SAN FRANCISCO — Los Angeles Mayor Antonio Villaraigosa proposed a $4.34 billion fiscal 2010-11 general fund budget that would cut spending by 2.2% to rein in the deficit and rebuild reserves amid continued declines in most major tax revenue.
Villaraigosa would close a $485 million gap forecast in January with one-time revenues, furloughs of workers, cuts in capital and other spending, 800 layoffs, and the use of higher-than-expected revenue.
The mayor of the second-largest U.S. city estimated that 68% of the proposed budget fixes are ongoing changes that will reduce the city’s structural budget deficit, and 32% are one-time measures.
“L.A.’s long-term fiscal sustainability goes beyond just one budget year. One year of cost-cutting won’t solve this crisis,” Villaraigosa said in his state of the city address Tuesday. “We must make lasting, structural changes that not only balance this year’s bottom line, but puts us back into the black for future forecasts.”
Los Angeles has experienced downgrades in recent months because it failed to balance its budget for fiscal 2009-10, which ends June 30. The city plans to spend $148.9 million of reserves to cover this year’s gap, but has pledged to use the proceeds of privatizing its parking garages to rebuild the reserves.
Fitch Ratings dropped the city’s general obligation bonds to A-plus from AA-minus earlier this week, citing depletion of reserves. It was the agency’s second downgrade of the credit in six months.
Moody’s Investors Service downgraded the city’s GO rating to Aa3 from Aa2 earlier this month and kept the negative outlook. Standard & Poor’s put its AA-minus GO rating on negative CreditWatch.
Villaraigosa’s plan would build the reserve fund to $284 million, or 6.5% of general fund expenditures, from a projected $115 million balance at year end.

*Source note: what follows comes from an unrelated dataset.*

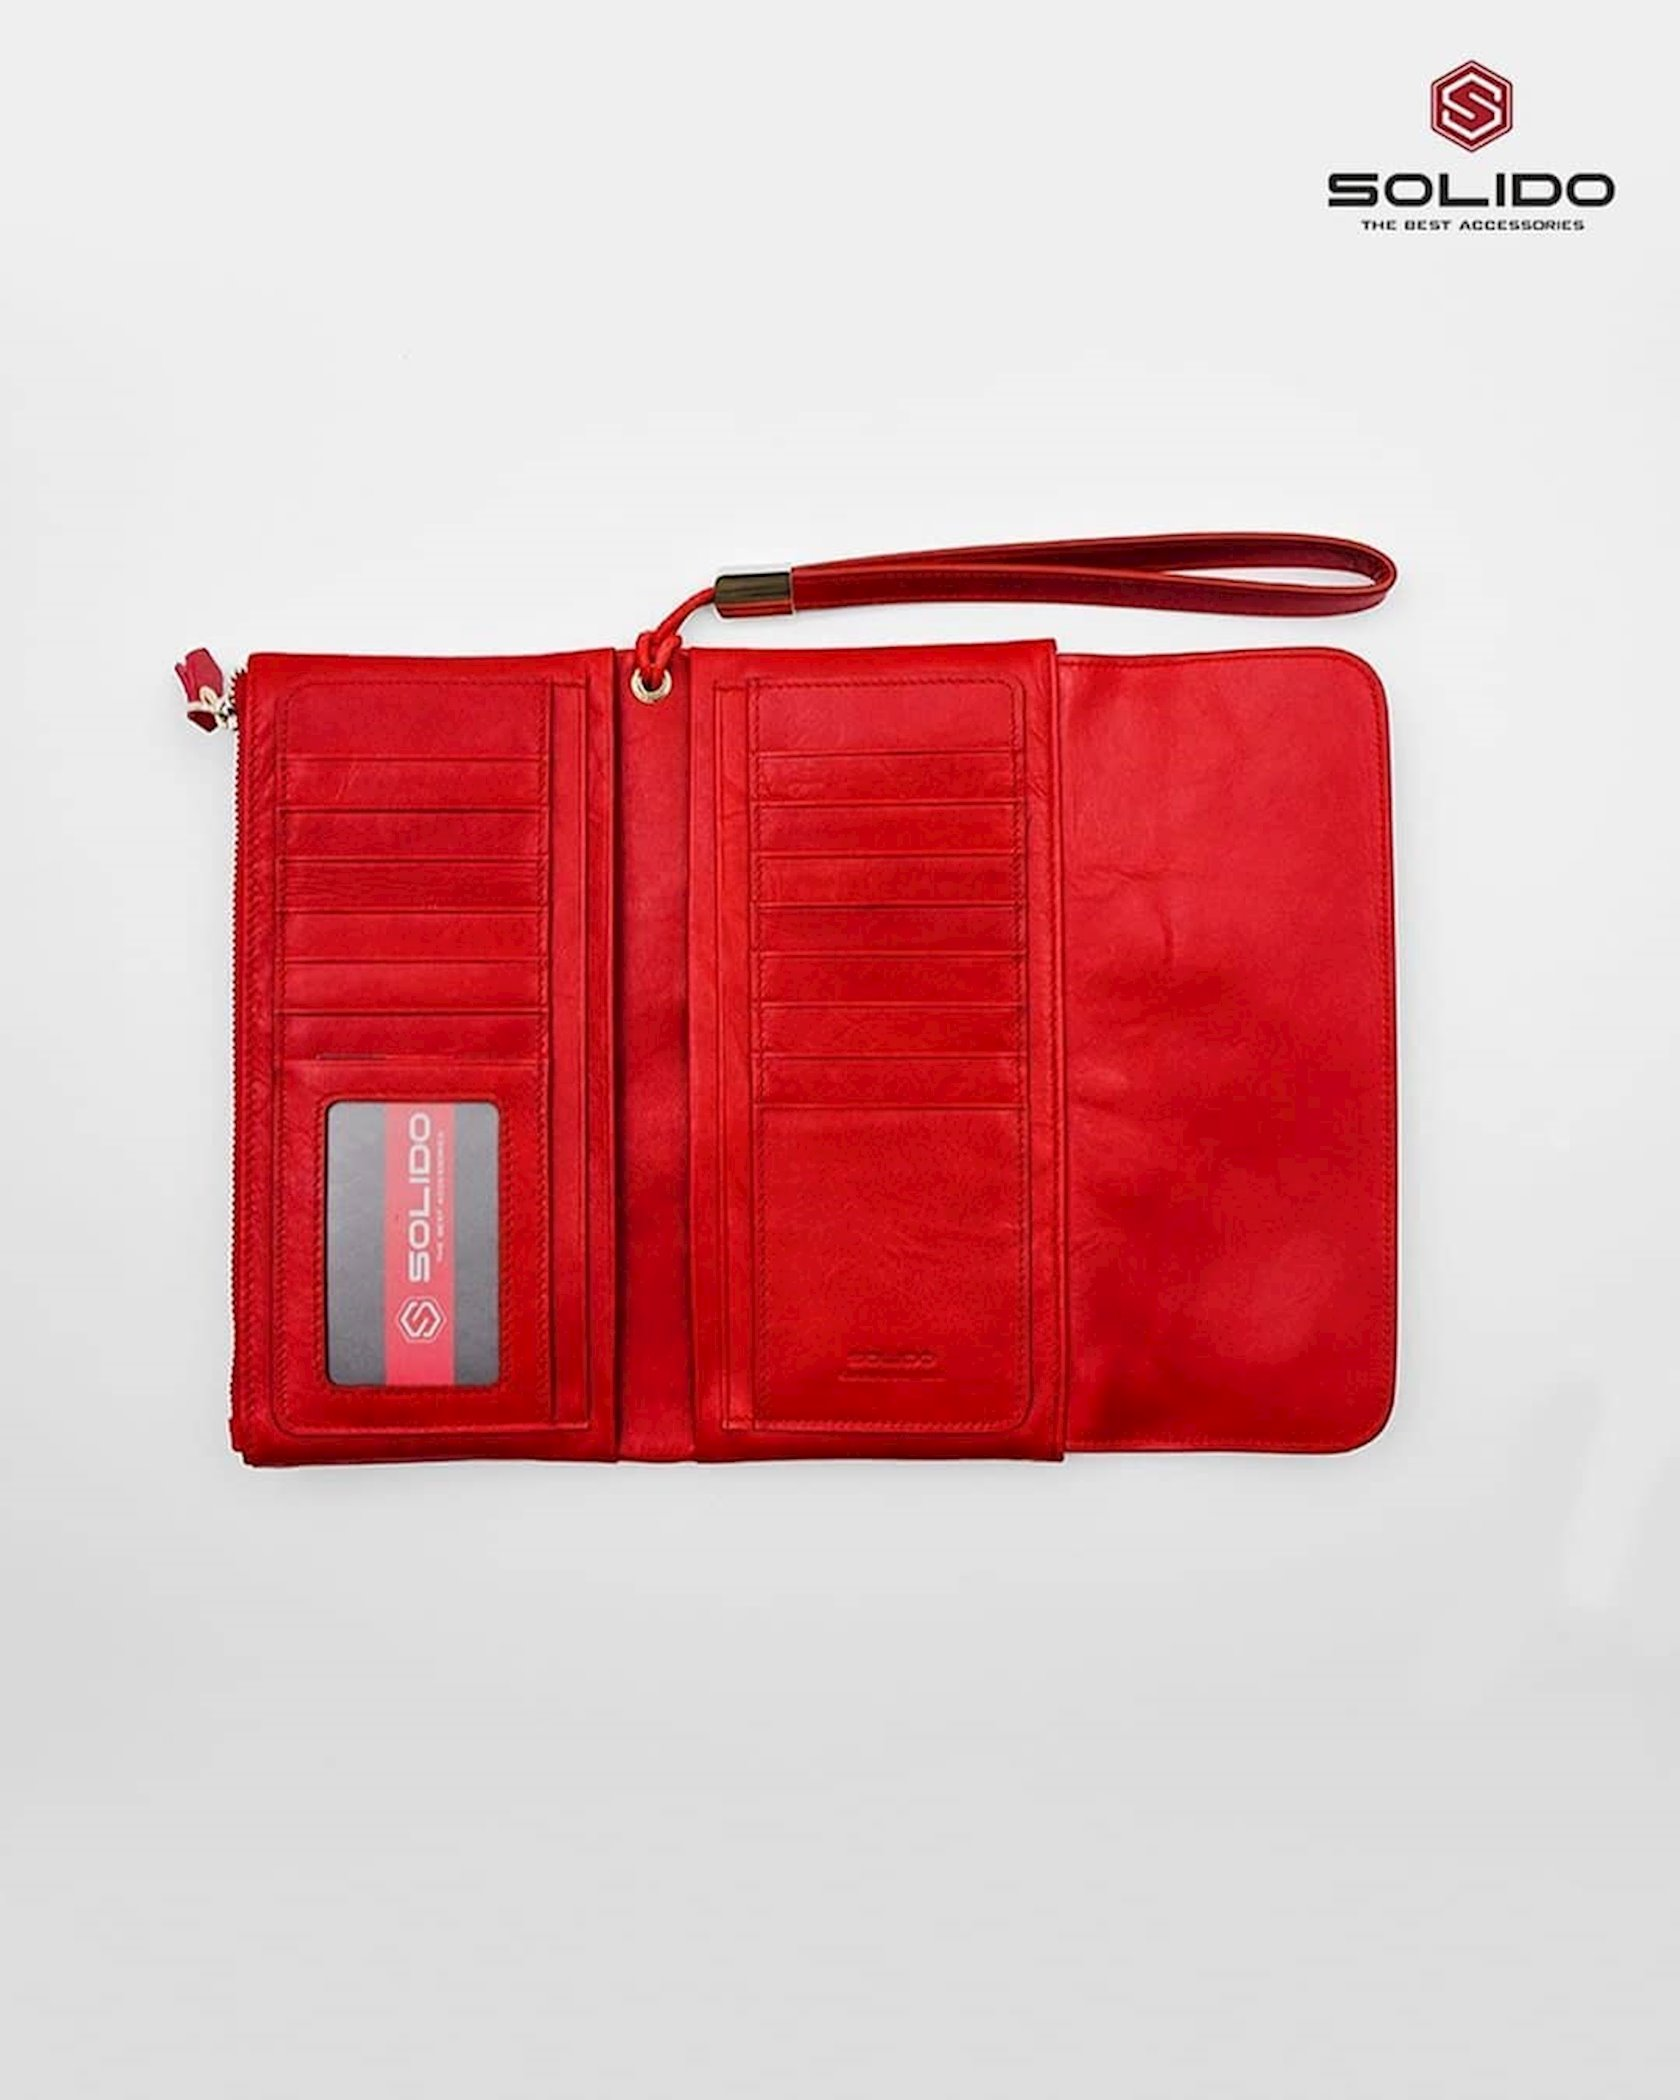 Qadınlar üçün dəri pulqabı Solido 35-F001 Qırmızı

The biggest structural budget adjustment the city can make is reducing payrolls, which account for about 80% of spending. Villaraigosa’s proposal calls for cutting the number of authorized positions in non-proprietary departments by 3,301, or 9%, to 34,091 workers. About 800 of those jobs are filled and will require layoffs. Many of the jobs are vacant due to an early retirement plan negotiated with public employee unions this year.
The City Council earlier this year approved plans to cut 4,000 jobs from city payrolls, but they remain contentious. Villaraigosa proposes tempering the number of permanent job cuts with temporary furloughs of a broad range of non-public safety workers to save $63 million.
“We must all share in the sacrifice to stop the cuts in services and prevent further lay-offs,” the mayor said. “We must all be willing to take cuts in our pay, increase our pension contribution, and contribute more to our health care plans.”
The city continues to face mounting pension costs, due to losses in its pension trust funds during the recession. While investment returns have improved with the stock market, Los Angeles’ pension contribution will rise 11.7% to $730.1 million next year from $653.4 million this year.
On the revenue side, Villaraigosa projected a $154 million improvement from January’s revenue estimate, reflecting the moderation of a sharp decline in tax revenues but no improvement in most categories. His budget assumes a 1% drop in general revenues. That includes a 4% decline in sales and business tax revenues and a 1% drop in property tax collections.
The forecast also includes an 11% increase to $254 million in the Los Angeles Department of Water and Power’s annual transfer to the general fund. The department threatened not to make the final $73.5 million of this year’s $220.5 million transfer after a dispute over electricity rates, which has since been resolved.
The mayor is also betting the general fund will get a one-time infusion of $53 million from privatization of the city’s parking garages. The city says it hopes to have final proposals from bidders on the concession by this summer.